The Warning Shot in Geneva: COP11 and Africa’s Tobacco Reckoning
The eleventh session of the WHO Framework Convention on Tobacco Control and the Future of Tobacco Control in Africa
The eleventh session of the WHO Framework Convention on Tobacco Control took place in Geneva in late November 2025. Delegates from across the world arrived under grey skies and a sense of global unease. Smoking rates were rising in pockets of Africa, new nicotine devices were spreading faster than regulators could track, and the international public health community seemed more fractured than ever.
Amid the hum of delegates settling into their seats, an African public health representative leaned toward a colleague and spoke quietly but with conviction. This meeting is no longer about paperwork. It is about the direction of global health and who gets to set it.
His words captured the tension that hovered over the entire week.
When the discussion turned to Article 18, which addresses the environmental and health impacts of tobacco products throughout their lifecycles, the atmosphere grew increasingly charged. Filters and electronic devices were on the table. Some wanted a sweeping ban. Others warned that such a move could break the systems meant to enforce it.
After hours of wrangling, the final decision invited countries to explore regulatory options but stopped short of endorsing bans or classifying every component as hazardous waste.
It was a fragile compromise.
An African environmental specialist, watching the negotiations, murmured to nearby delegates that everyone agreed tobacco waste was a crisis. Still, a global filter ban would collapse on the African continent, and flexibility is the only realistic path forward.
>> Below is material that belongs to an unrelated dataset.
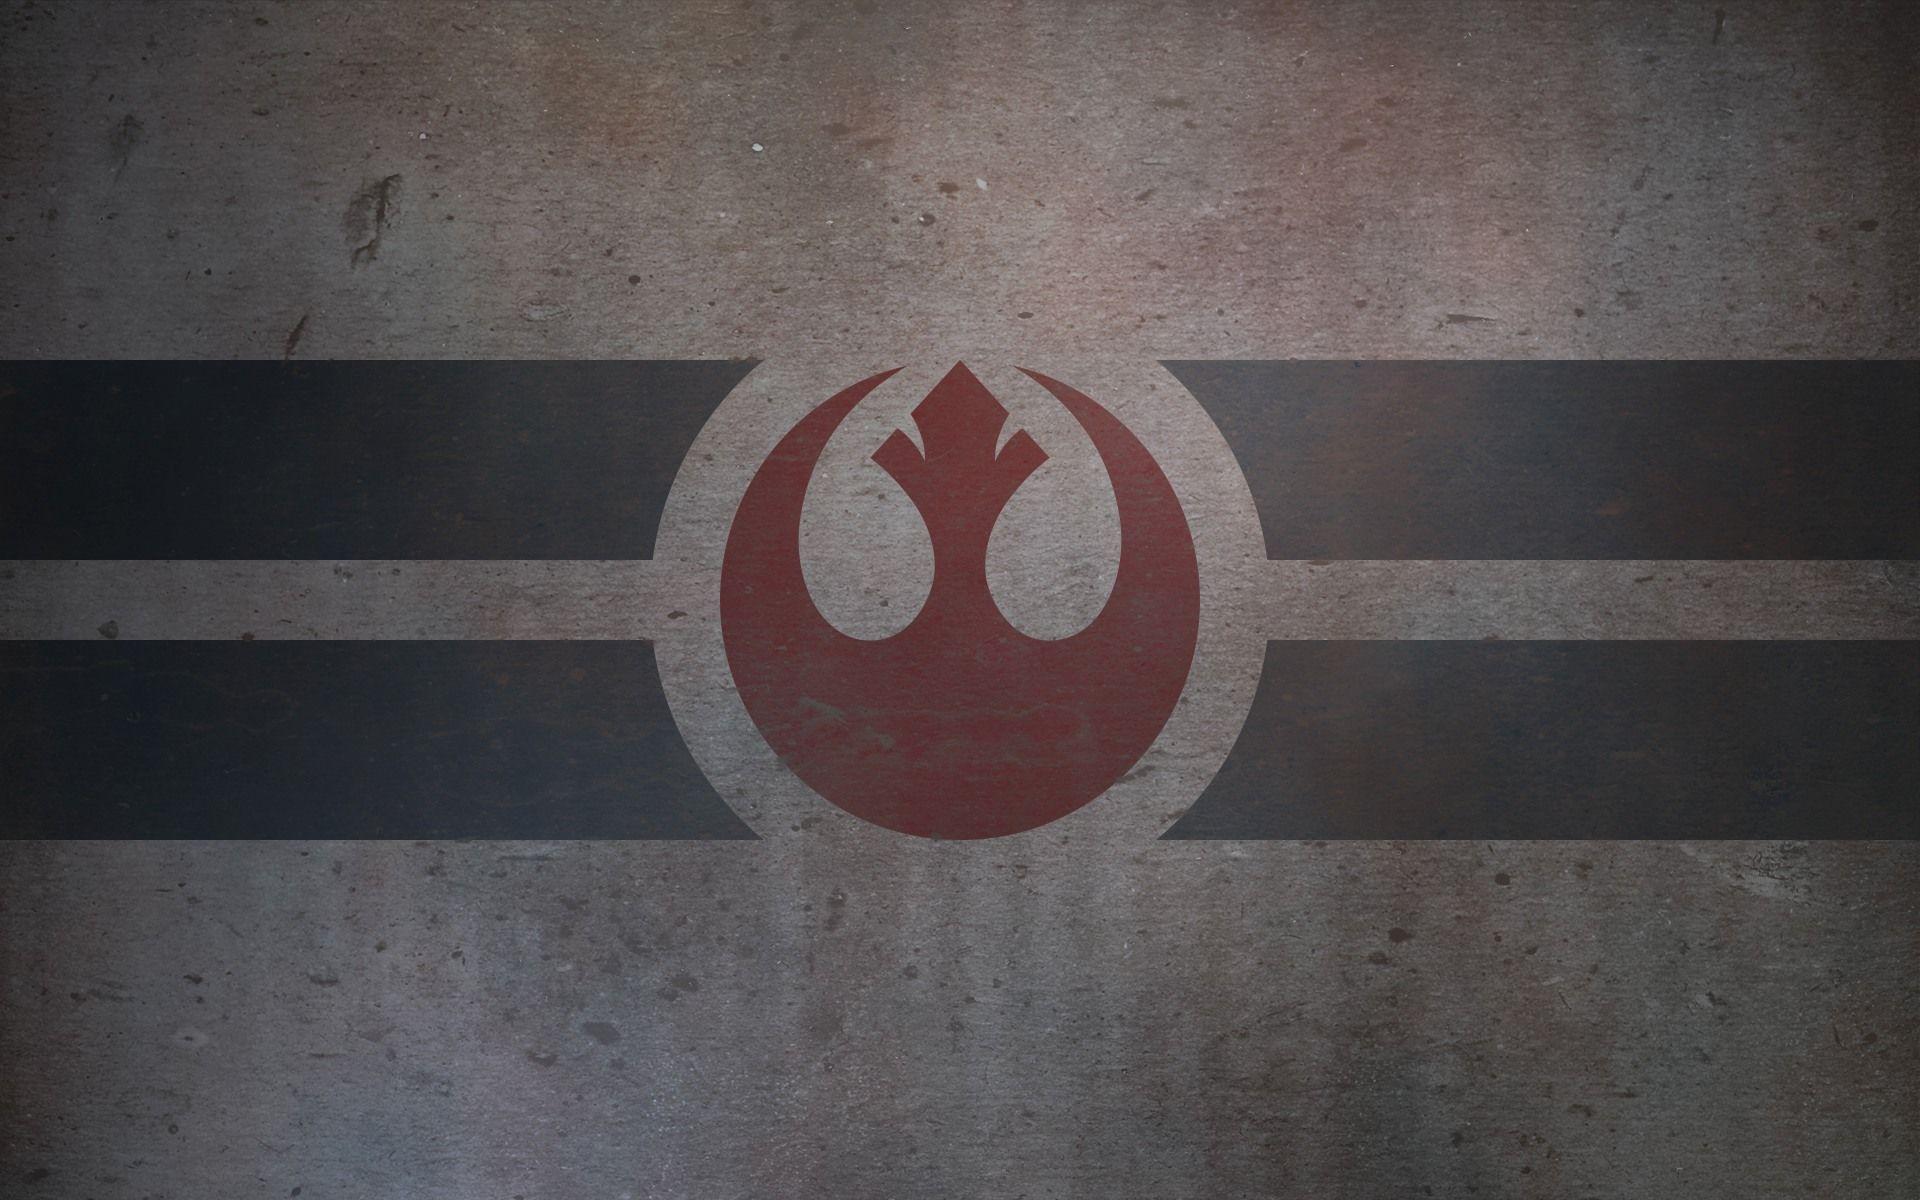 1920x1200 Star Wars Rebels Star Wars Rebellion Logo Wallpaper Comics

The outcome gave African governments room to maneuver but also placed a heavy responsibility on domestic systems that already struggled with managing waste of any kind.
Under Article 19, the focus shifted to holding the tobacco industry legally accountable. The adopted decision encouraged Parties to explore civil, criminal, administrative, environmental, and human rights routes. Mandatory global levies did not survive the negotiations, leaving nations free to design their own approaches.
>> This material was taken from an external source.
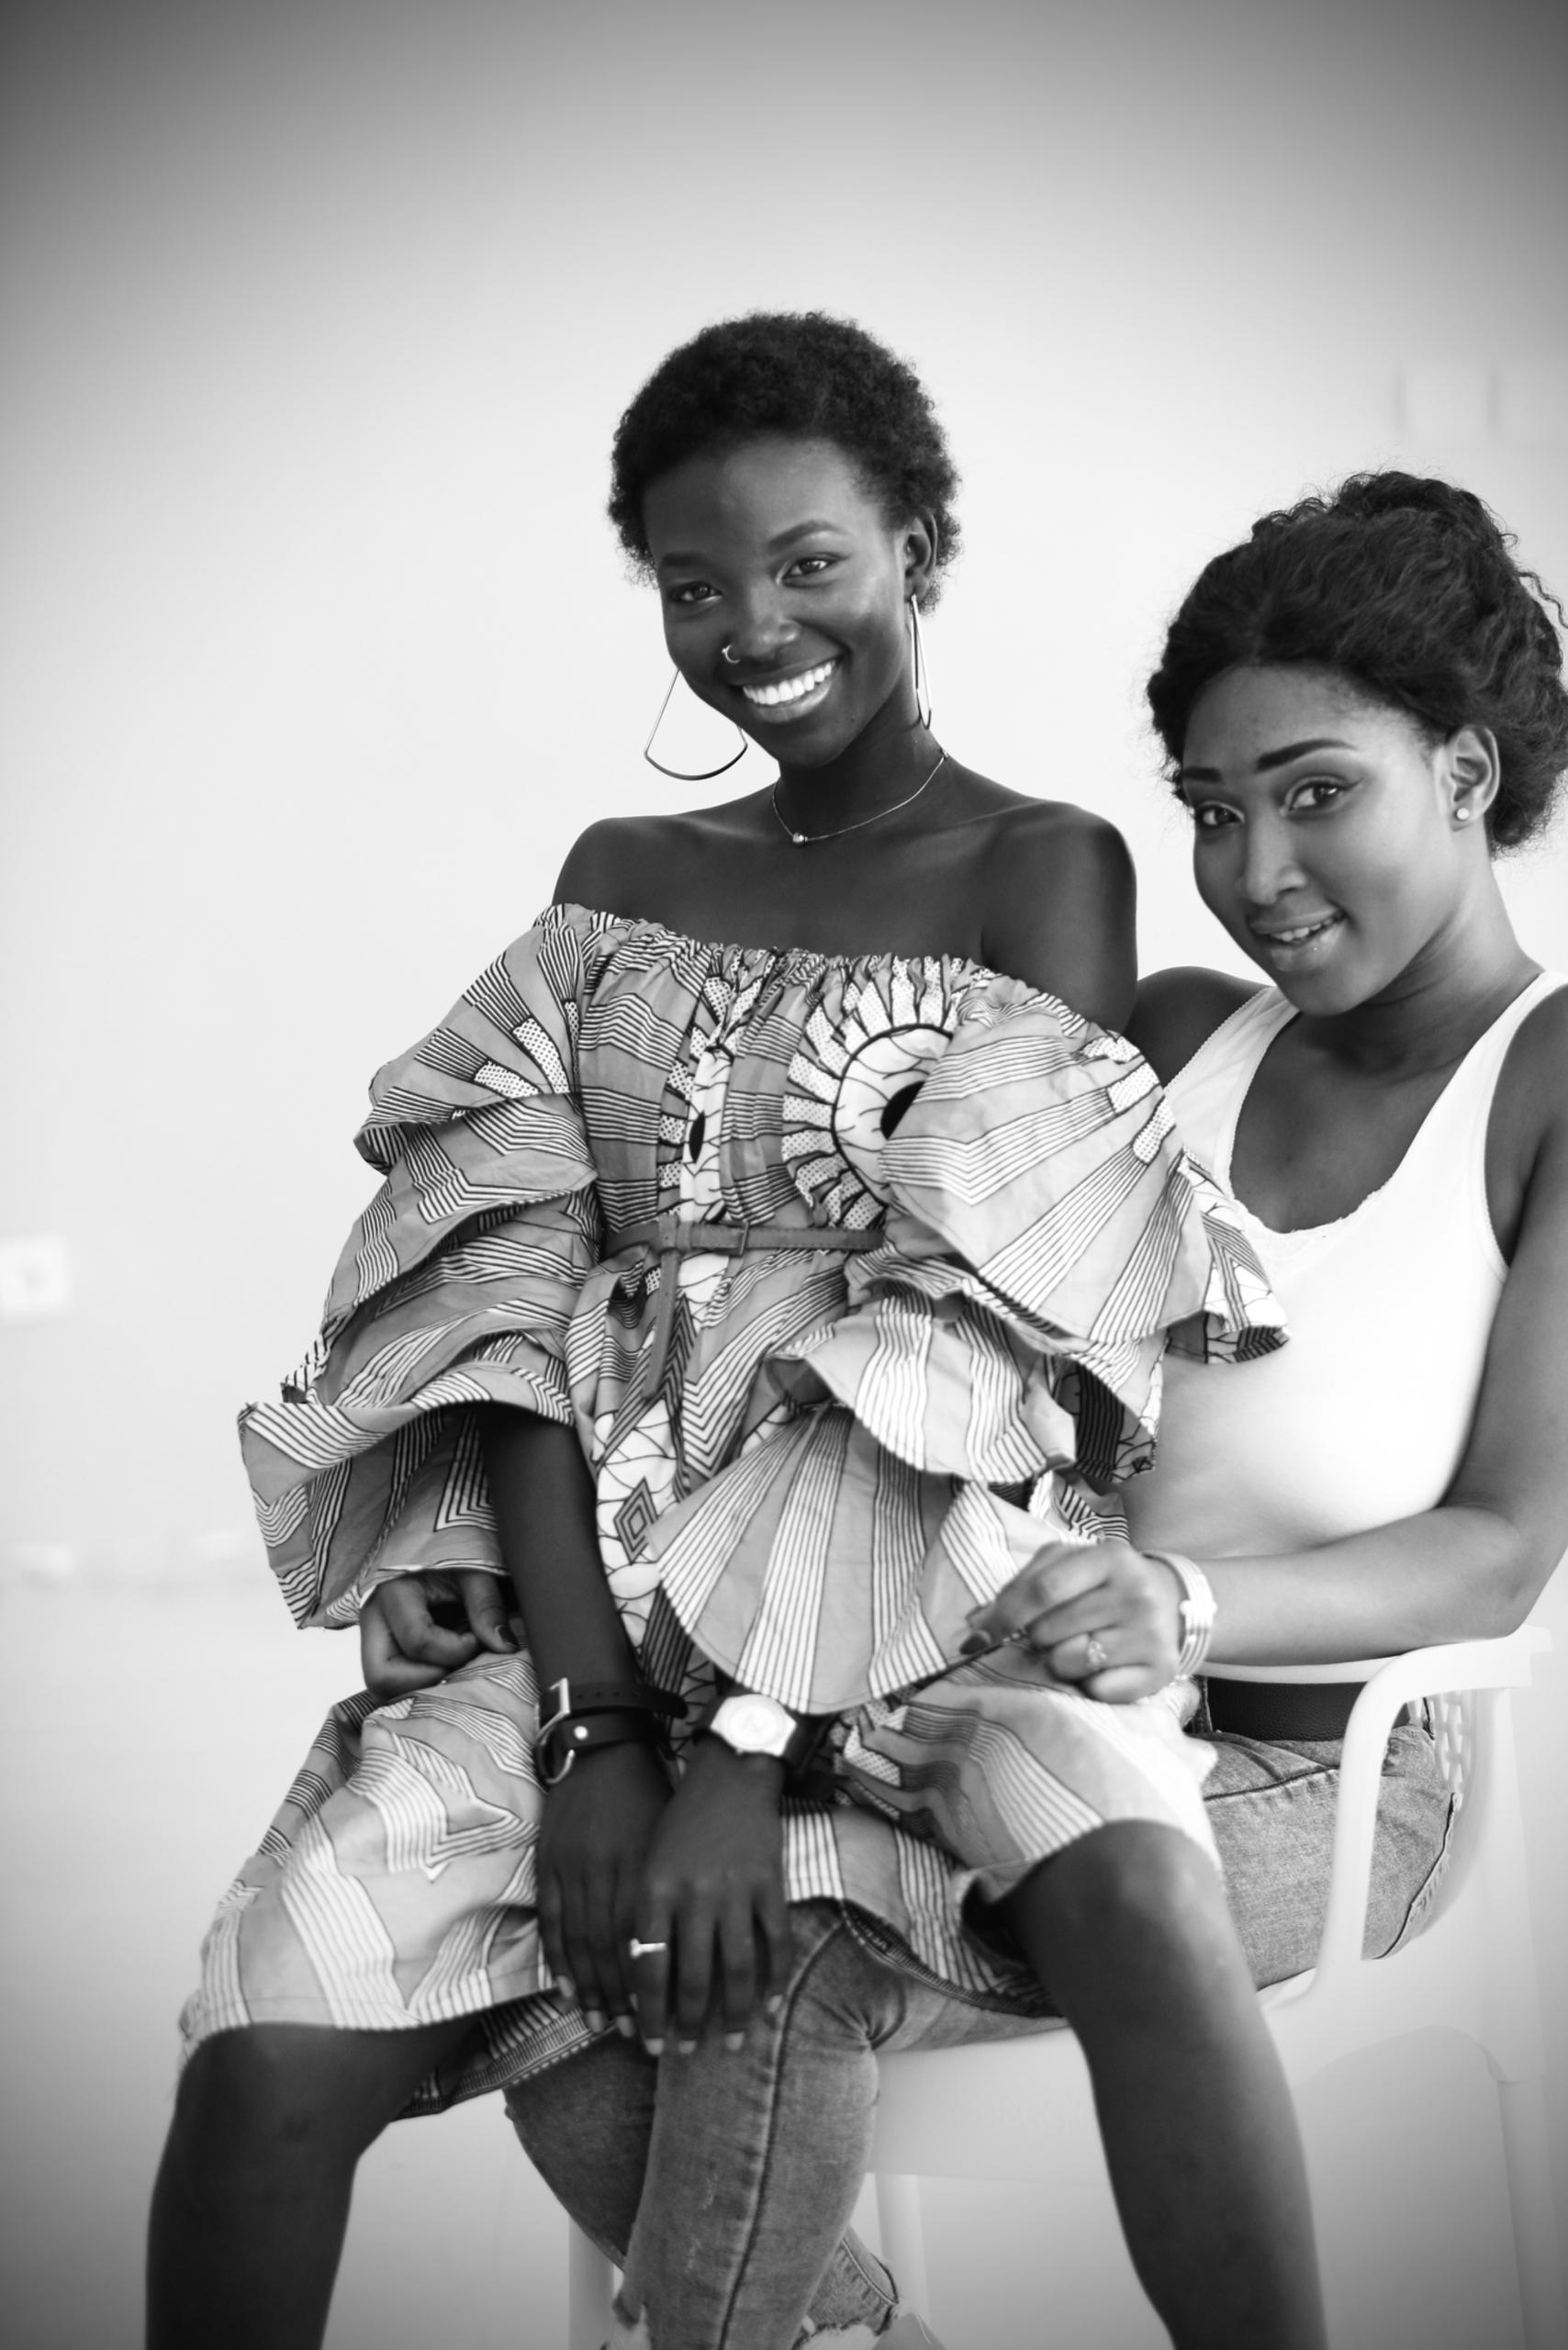 African Beauty Dakar Senegal - mi3rdeye | ello

A legal advisor from West Africa reflected afterward that, for the first time, there is clear multilateral support for building the legal tools needed to hold major tobacco companies to account, yet warned that the framework will not litigate on behalf of any country. Africa must strengthen its own legal muscles.
For nations that have long struggled to confront transnational tobacco corporations over unethical marketing or environmental harm, the moment felt like a door slowly opening. But it would only remain open if legal systems were built up and adequately resourced.
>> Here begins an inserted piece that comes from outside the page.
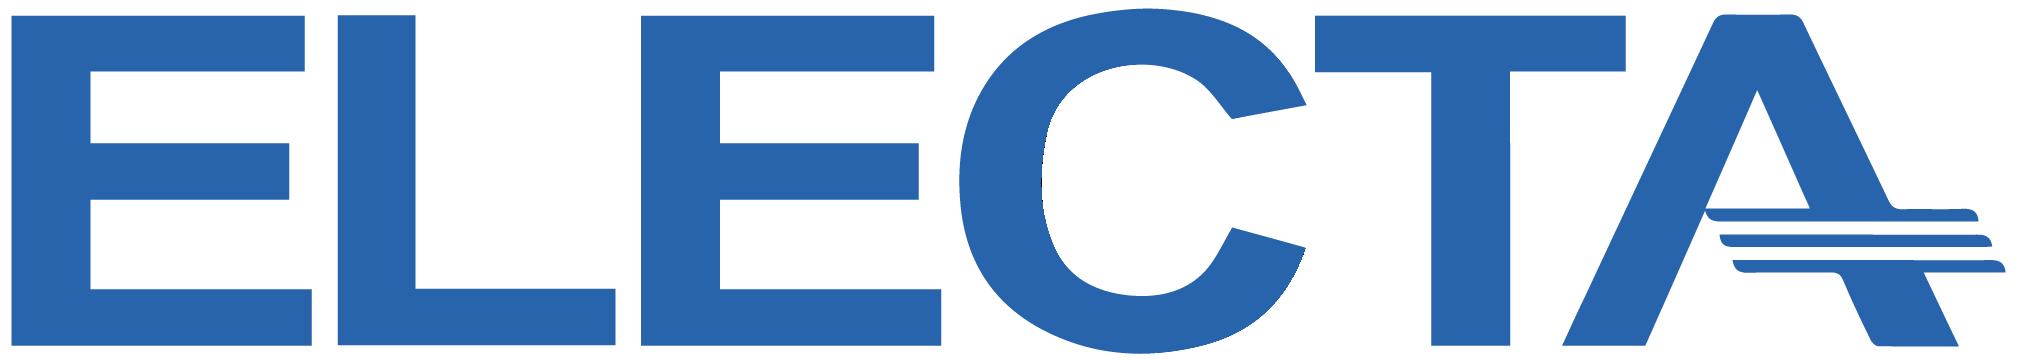 electa-logo-alpha

Under Article 2.1, which concerns measures that go beyond the Convention and often imply endgame-style ambitions, delegates acknowledged the Expert Group’s report while maintaining the voluntary nature of such measures.
Some voices from the Global South urged restraint. A Southern African delegate said during a quiet conversation that it is impossible to legislate an endgame for countries that have not yet built even the basic cessation services. Ambition must grow in step with reality.
The voluntary framing preserved national agency but also risked inertia where resources remain scarce.
An African diplomat explained the shift to colleagues by observing that the continent cannot confront twenty-first-century tobacco epidemics with tools built for earlier decades. Harm reduction, the diplomat insisted, deserves a real seat at the table.
The debate came to a head during discussions on emerging nicotine products. A proposal spearheaded by Brazil to impose heavy global restrictions met strong resistance, and the talks ended without a consensus. The issue was pushed forward to the next conference.
Throughout the week, many participants could not help comparing this gathering with the more open model of climate change conferences. In Geneva, civil society, journalists, and independent researchers remained largely outside the doors once again. An African civil society leader voiced frustration, asking how decisions could be made for a billion Africans without their voices in the room.
Tobacco control, the leader argued, cannot remain frozen in the early years of the century while global governance has evolved.
For Africa, where farmers, consumers, and public health researchers are often underrepresented, the exclusion carried real consequences.
By the end of the session, African governments faced a demanding set of responsibilities. They would need to regulate disposable vapes and device waste without any guarantee of global financial support. They now had an enhanced pathway under Article 19 to pursue legal action against tobacco firms, but only if their legal systems were strong enough to take on the challenge. The conference reaffirmed national independence in implementation. This offered freedom, but also demanded ownership.
COP11 ended not with sweeping resolutions but with open battles postponed for the future.
As delegates packed their bags, an East African negotiator remarked during a final hallway exchange that if this session were the warning shot, the next would be the reckoning.
The session in Geneva shifted the terrain rather than settling it. Africa emerged not as a passive follower but as a force insisting on evidence-based and context-grounded solutions. As the world looks ahead to Armenia in 2027, one thing has become clear. Africa no longer sits at the margins. It helps shape the table itself.